Já em setembro, durante a discussão realizada na passagem do projeto pelo Senado, tentei convencer o relator e explicar aos demais senadores o quão prejudicial era essa decisão para todos os brasileiros. Apresentei uma emenda ao PL para manter o dever do agente público de promover a acessibilidade prevista em lei, mas o relator do projeto, senador Weverton Rocha (PDT-MA), rejeitou a emenda sob a alegação de que já existem outras legislações que garantem esse direito. Afirmou, ainda, que se qualquer cidadão se sentir lesado, seria cabível uma ação civil pública. Ou seja, enquanto corre a ação, que pode durar anos, a pessoa não sai de casa e continua vetada de seu direito de ir e vir.

Para tentar reverter a mudança, o PSDB apresentou minha emenda como um destaque, que infelizmente foi votado e derrubado por uma diferença de três votos (34 a 31). Dessa forma, foi mantido o texto proveniente da Câmara, chancelando um retrocesso que prejudica a todos os brasileiros, sem exceção.

A acessibilidade é um meio essencial para o exercício de direitos. Ela diz respeito a todos: vale para a mãe com carrinho de bebê, para as crianças, para as pessoas idosas, para o homem distraído que olha o celular e tropeça no buraco da calçada. A acessibilidade é o que nos garante ter cidades, edificações, meios de transporte mais seguros e inclusivos, comunicações acessíveis a todos. Isso significa acesso ao trabalho, à educação, à cultura, ao esporte e ao lazer. Falamos aqui de cidadania.

Em qualquer cidade do mundo, um gestor que visa o desenvolvimento humano e sustentável tem o dever de incluir a acessibilidade como parte estratégica de seu plano de governo. Ainda mais se pensarmos em desenvolvimento a longo prazo, que mira o envelhecimento das populações.

Países como Japão, Estados Unidos, Canadá, Grã-Bretanha, Alemanha, Suécia, entre tantos outros, há anos vivenciam essa transição demográfica, implantando acessibilidade em cidades – muitas construídas há milênios. Nesses locais, calçadas são planas, há semáforos sonoros e sinalização para que qualquer cidadão se locomova com segurança e autonomia. Seja uma criança, um idoso, um cego, uma pessoa surda, um cadeirante ou um maratonista. As cidades devem ser sem barreiras para qualquer cidadão.

Aqui no Brasil, o IBGE projeta que, em 2060, teremos mais de 58 milhões de pessoas idosas, ou seja, quase 30% da população com pessoas acima de 65 anos. A expectativa média de vida aumentará dos atuais 75 anos para 81 anos. E não há como deixar de refletir sobre a qualidade de vida (ou ausência dela) para futuras gerações.
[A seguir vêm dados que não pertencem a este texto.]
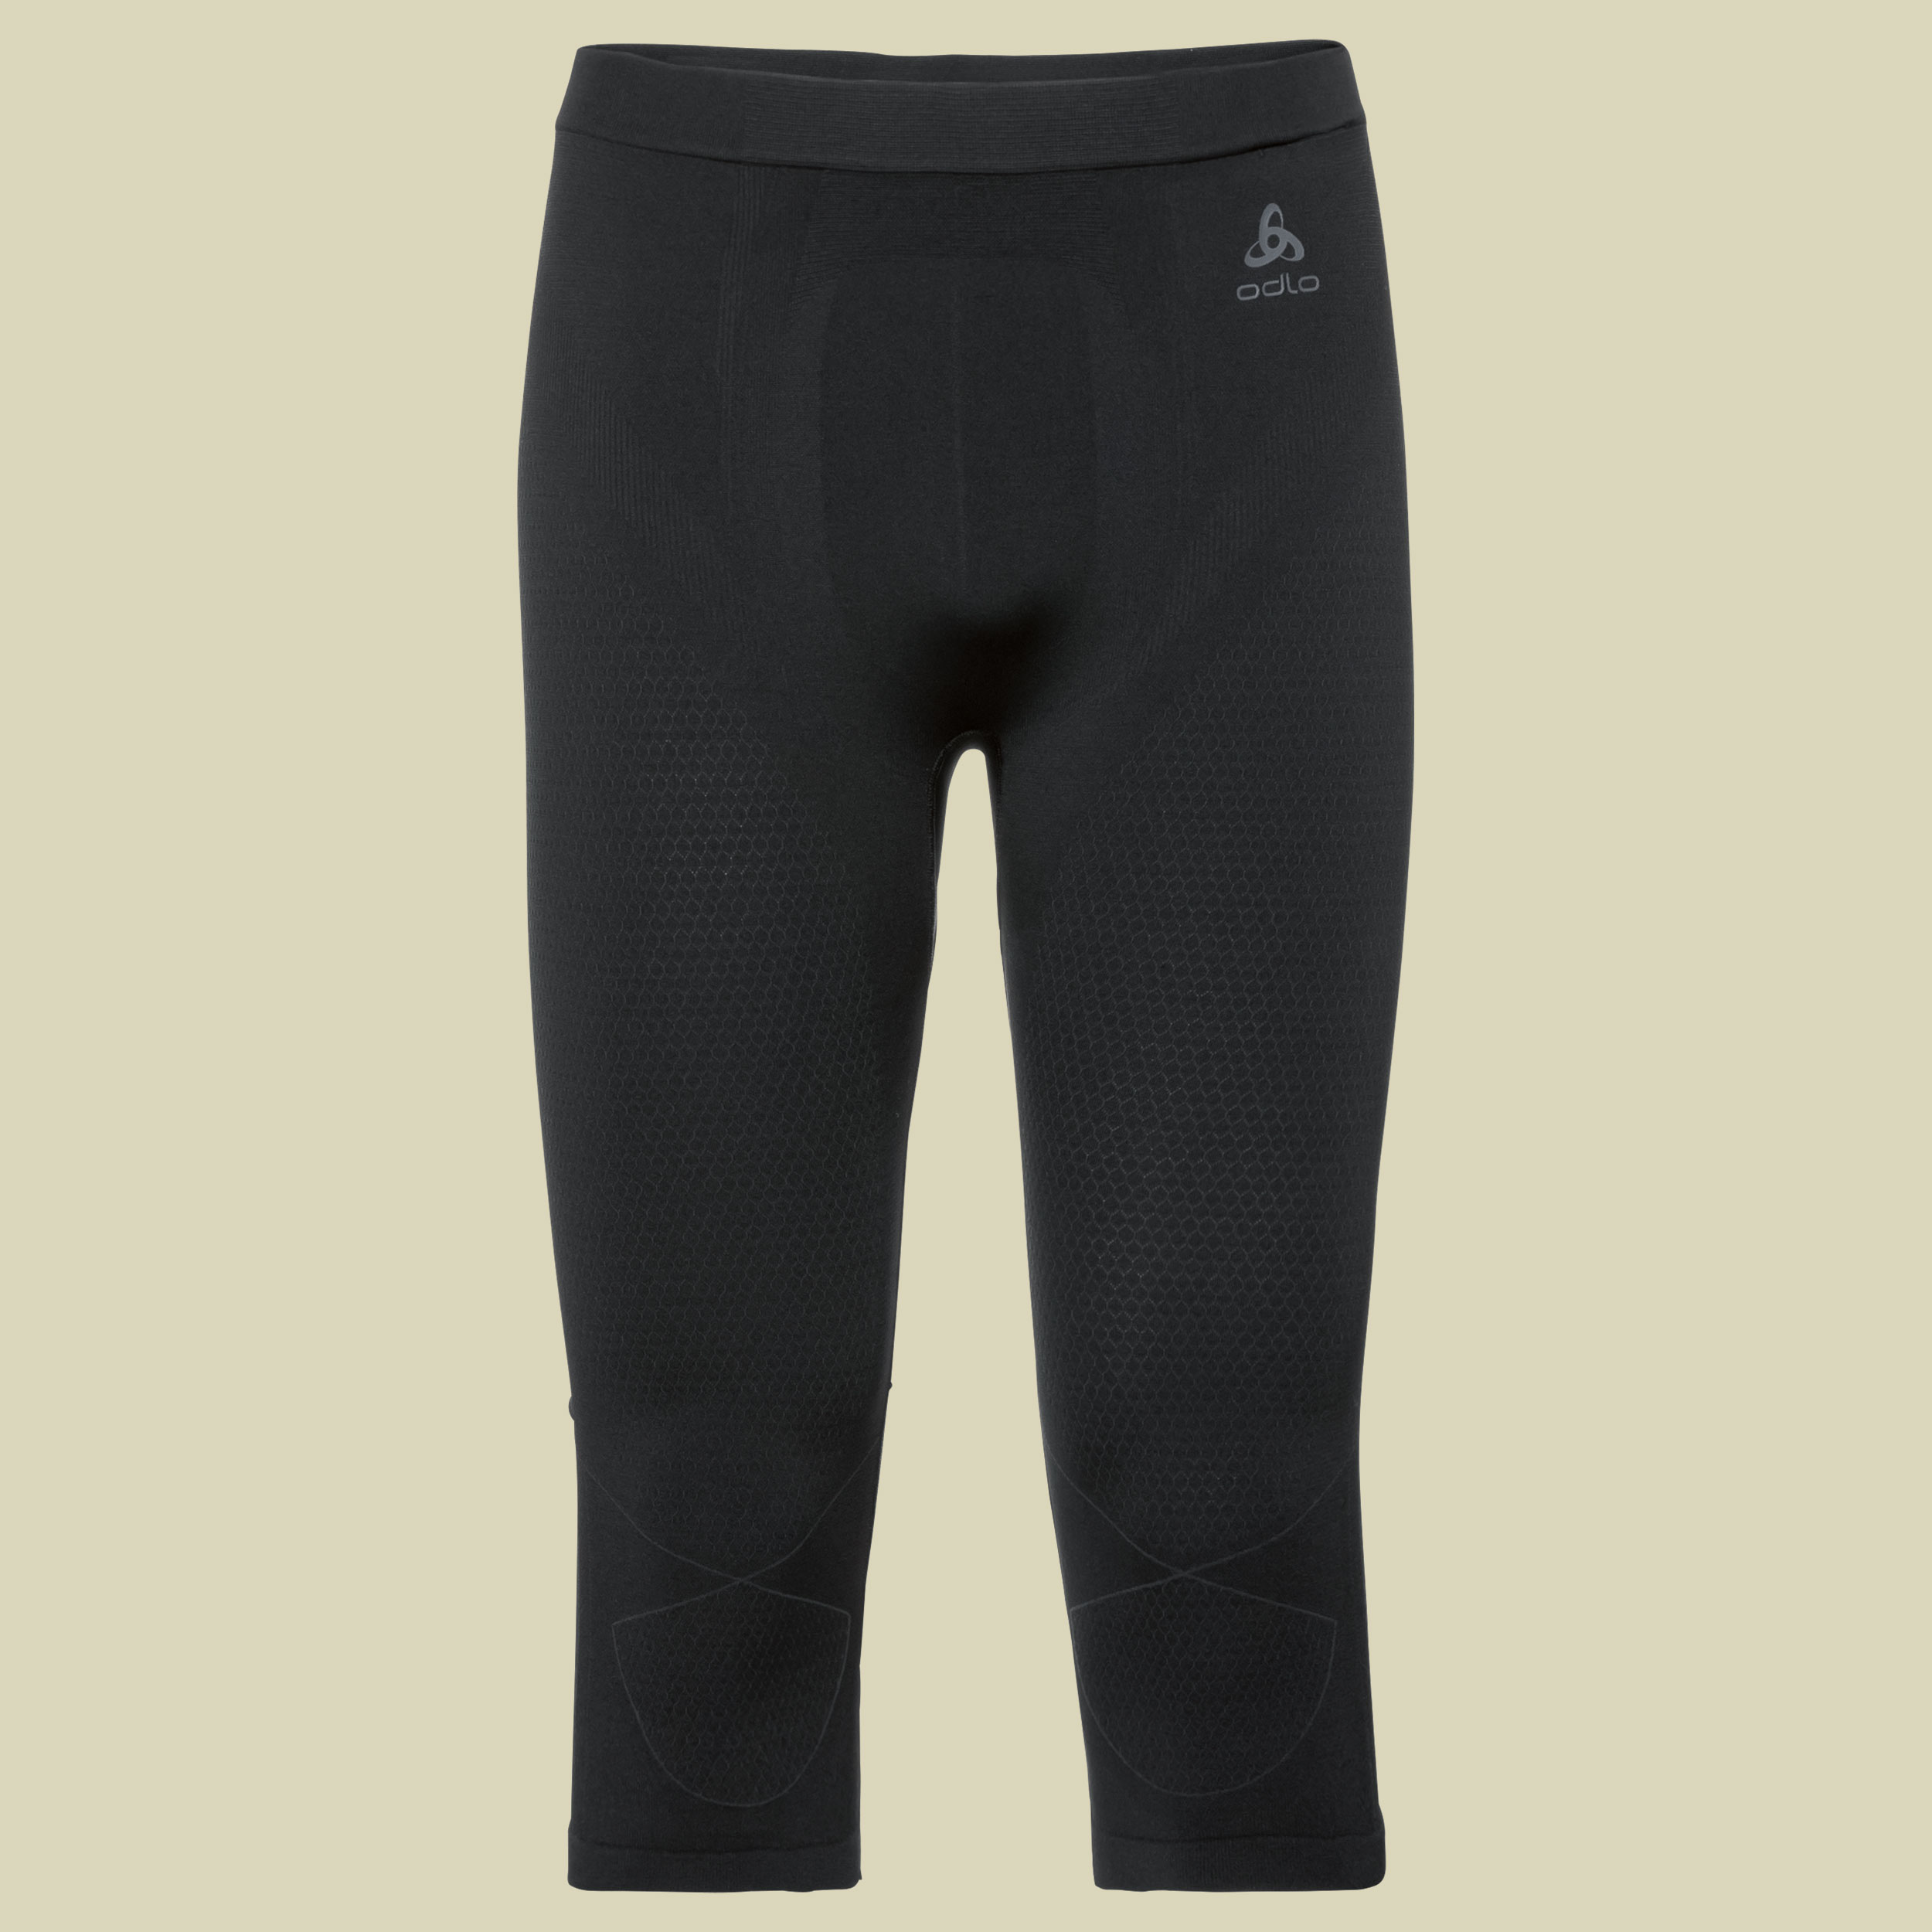 Evolution Warm Pants 3/4 Men 184162 Größe M Farbe black-odlo graphite grey

Por isso, proponho aqui uma reflexão aos gestores públicos que ainda não compreendem a importância da acessibilidade em seus planos de governo: vocês podem não ter uma deficiência ou doença rara, nem conhecer quem tenha, mas tenho certeza que, ainda assim, buscarão envelhecer com dignidade. E é a acessibilidade que definirá qual será a qualidade de vida de cada um.

Lembro ainda que outubro foi o mês escolhido para celebrar o Dia Internacional do Idoso. Eu gostaria muito de usar esse espaço para falar sobre os avanços nas políticas públicas para essa população, mas, infelizmente seria descolado da realidade usarmos o verbo celebrar. O que nos cabe no momento é lutar.
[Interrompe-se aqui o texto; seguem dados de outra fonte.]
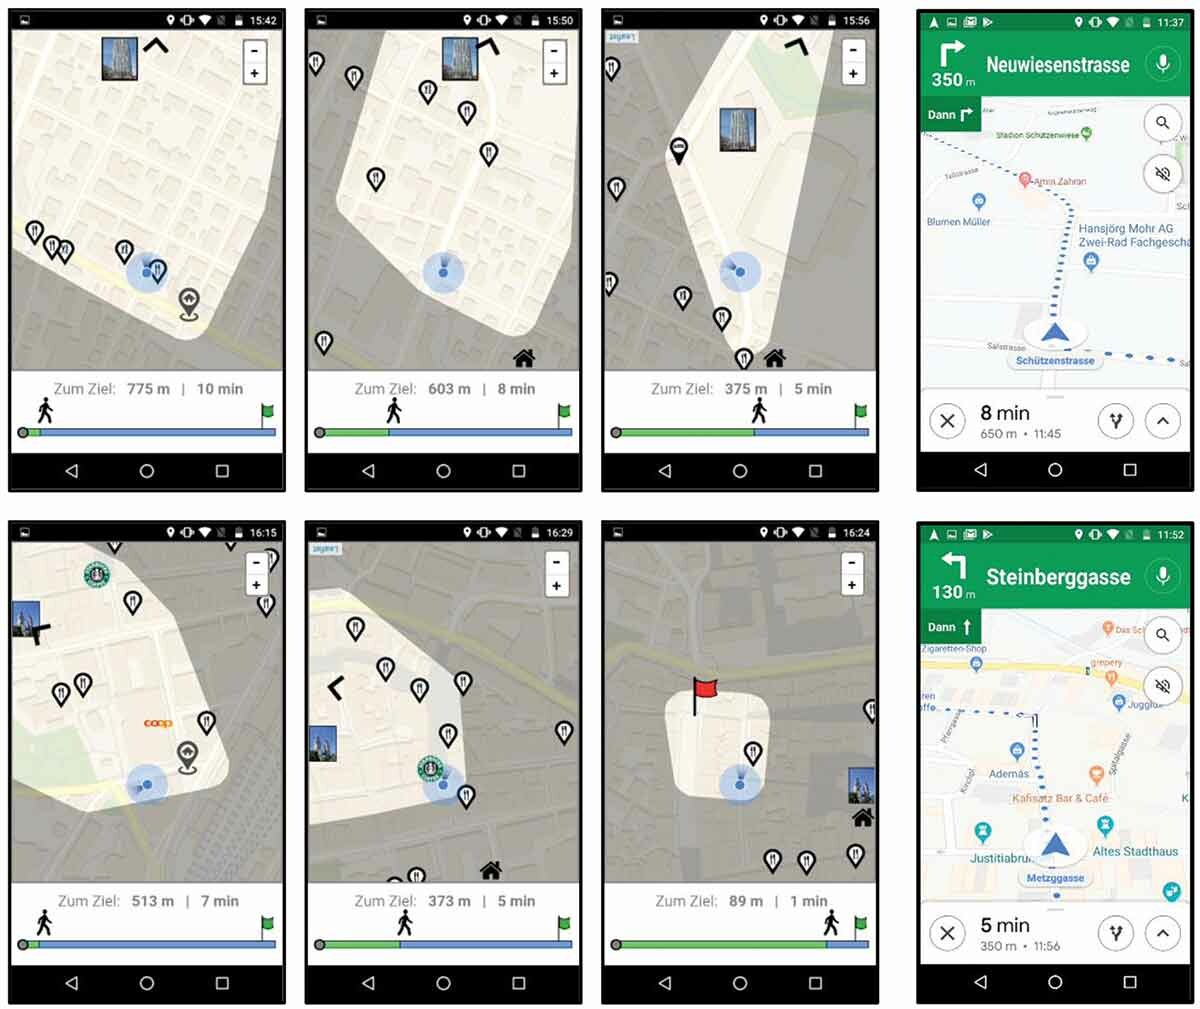 Screenshots of the novel navigation system and Google Maps

Aprovado novamente pela Câmara na primeira semana de outubro, o projeto já foi sancionado, sem vetos, pelo presidente Jair Bolsonaro, transformando-se na Lei 14.230/2021.

Paralelamente a isso, já estamos estudando as medidas e ações judiciais cabíveis para tentar reverter essa aberração, sem dúvida, um dos maiores retrocessos dos últimos tempos nos direitos das pessoas com deficiência.
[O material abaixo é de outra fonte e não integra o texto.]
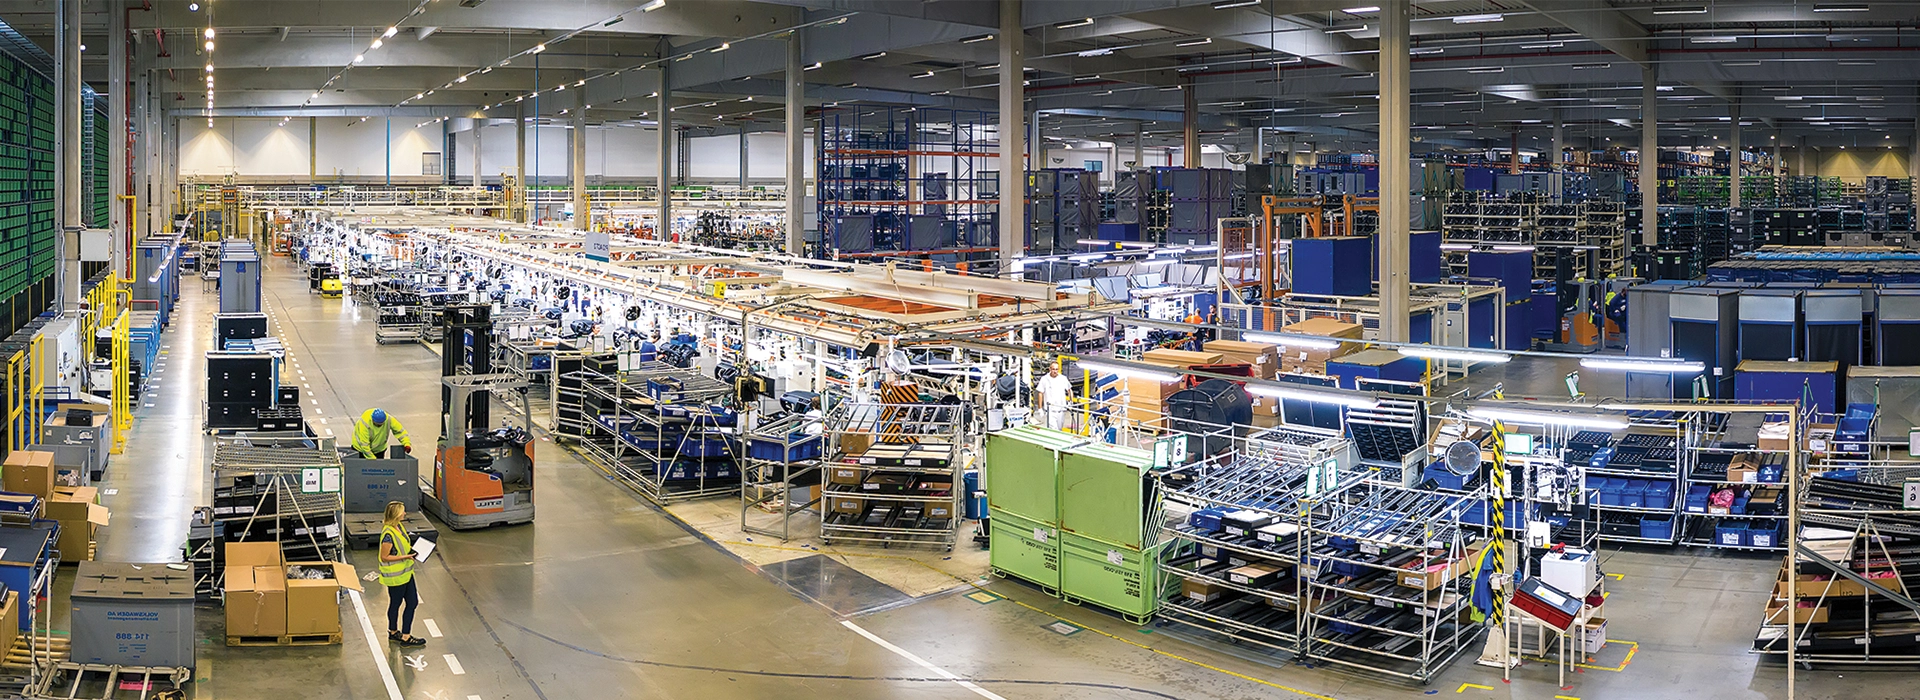 production carts warehouse

A falta de acessibilidade é uma discriminação silenciosa, mas extremamente limitante e limitadora. Trata-se de um crime que deve ser combatido por toda a sociedade. Não reconhecer o valor da acessibilidade é o mesmo que não reconhecer o valor das pessoas idosas, que tanto contribuíram para o país. É o mesmo que não reconhecer o valor de toda a diversidade humana. É decretar nossa falência como civilização.